Basic concepts: means-end analysis and laddering
MECanalyst uses the conceptual model of means-end chain analysis(1) to study the motivations underlying consumer purchasing decisions. By analyzing the link between consumers and products/services, the means-end approach attempts to pinpoint consumer preferences, in order to reveal the often hidden motives behind choices. Indeed, the concept that consumer choices are not solely directed by material product features but, to a considerable extent, also by a psychological component to which these appeal, is relatively recent.

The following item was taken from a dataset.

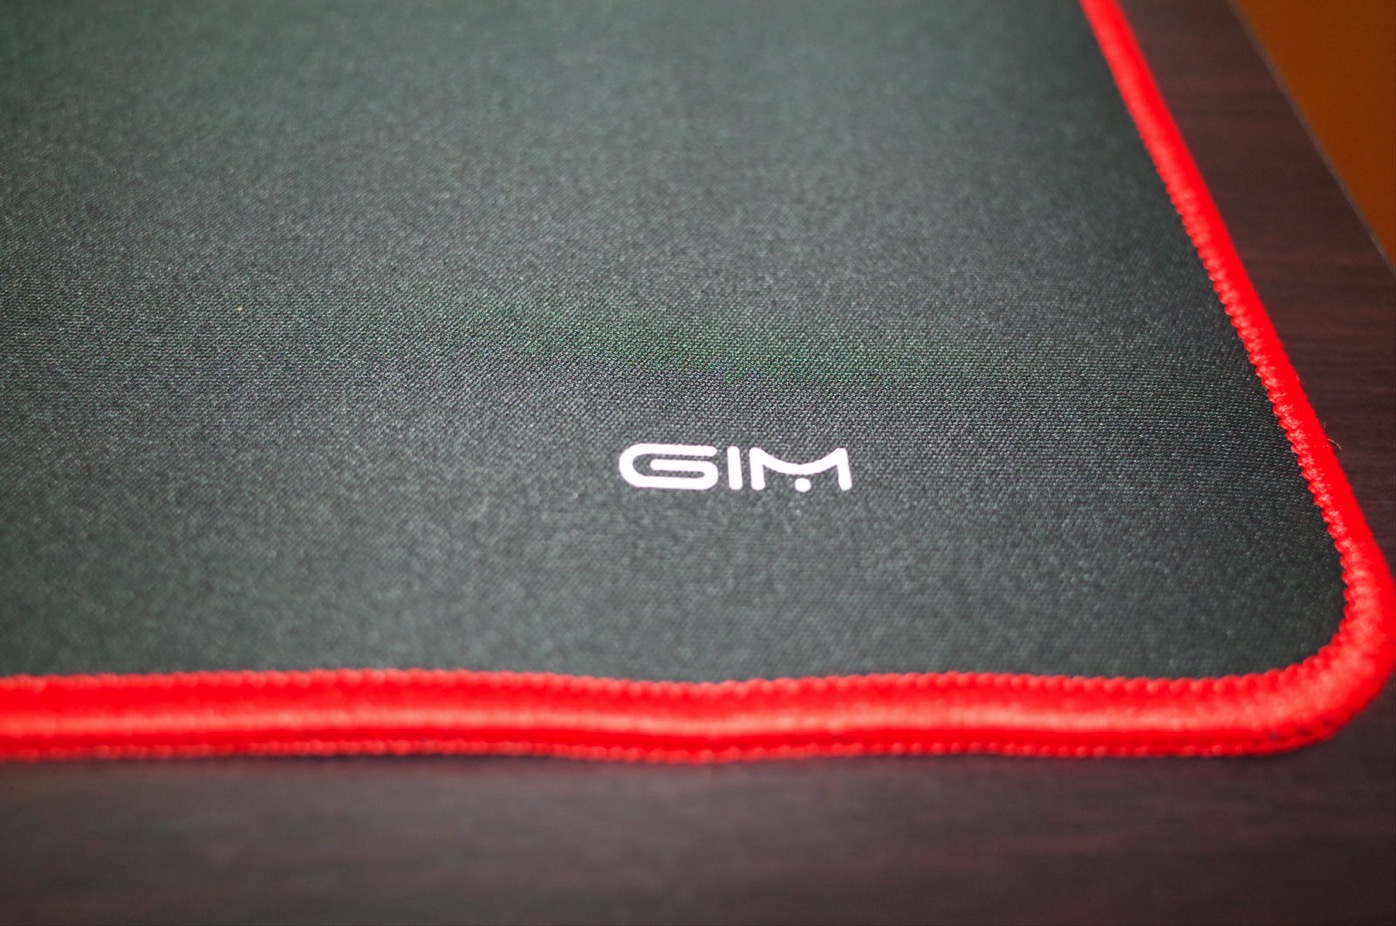 GIM マウスパッド 大型 ゲーミング 超大型 ゲーミングマウスパッド 防水 滑り止め キーボードパッド オフィス 布製 レーザー&光学式マウス対応-4

To a consumer, a good/service can have diverse meanings. For instance, when buying coffee, the product could be chosen based on attributes related to: type (e.g. in grains, soluble); origin (e.g. Brazil); package (e.g. jar or pouch); brand, etc. However, consumers are not only interested in the bundle of characteristics – attributes – that distinguish one type of coffee from another; rather, they are attracted/discouraged by the desirable (benefits) or undesirable (risks) consequences deriving from the use/purchase of the relevant good and/or service. In the case of coffee, the decision to buy may thus result to be connected with benefits such as “less strong than espresso coffee”, “easy to make”, “suitable for elderly people” (Quelch et al., 1994); however, it is mainly the personal relevance to the eye of the consumer that constitutes the main purchase motive (fig. 1).
In other words, if one delves into the consumer’s mind, the motivation of the choice results to be based on psychological states, i.e. reasons connected with a need/value which is satisfied by the purchase: e.g. the achievement of a physical sense of well-being, self-esteem, belonging to a group, etc.
It is thus interesting to study the link between product characteristics and the consumer in order to achieve a better understanding of the way consumer choice is influenced by his/her values. Means-end chain analysis tries to make this relationship emerge.






(1) Means-end analysis is a strategic problem-solving technique first introduced by Newell and Simon (1963) in GPS (“General Problem Solving”), a program applied to the solution of artificial intelligence problems based on the simulation of human cognitive processes.




References
Grunert, K.G., Grunert, S.C., (1995): “Measuring subjective meaning structures by laddering method: theoretical considerations and methodological problems”, in International Journal of Research in Marketing.
Grunert, K.G., Grunert, S.C., Sørensen E., (1995): “Means-end chains and laddering: an inventory of problems and an agenda for research”, Mapp, The Aarhus School of Business, working paper n. 34.
Gutman J., (1982): “A means-end chain model based on consumer categorization processes”, Journal of marketing, 46, 1.
Newell A., Simon H., (1963): “GPS: A program that simulates human thought”, in Computer and Thought, ed. Feigenbaum and Feldman, McGraw-Hill, New York. Olson e Reynolds, 1995;
Olson J., Reynolds T., (1983): “Understanding Consumer’s cognitive structures: Implications for advertising strategy”, in Percy L., Woodside A. (eds.), Advertising and Consumer psychology, Lexinton Books, Lexinton, MA.
Peter J.P, Olson J.C., Grunert K., (1999): Consumer Behaviour and marketing strategy, European ed., McGraw-Hill, London.
Reynolds T.J., Gutman J., (1988): “Laddering Theory, Method, Analysis and Interpretation” Journal of Advertising Research, 28, 1.
Reynolds T.J., Whitlark D.B., (1995): “Applying laddering data to communications strategy and advertising practice”, Journal of Advertising Research, July/August.
Vallette-Florence P., Rapacchi, B., (1991): “Improvements in means-end chain analysis: using graph theory and correspondence analysis”, Journal of Advertising Research, February/March.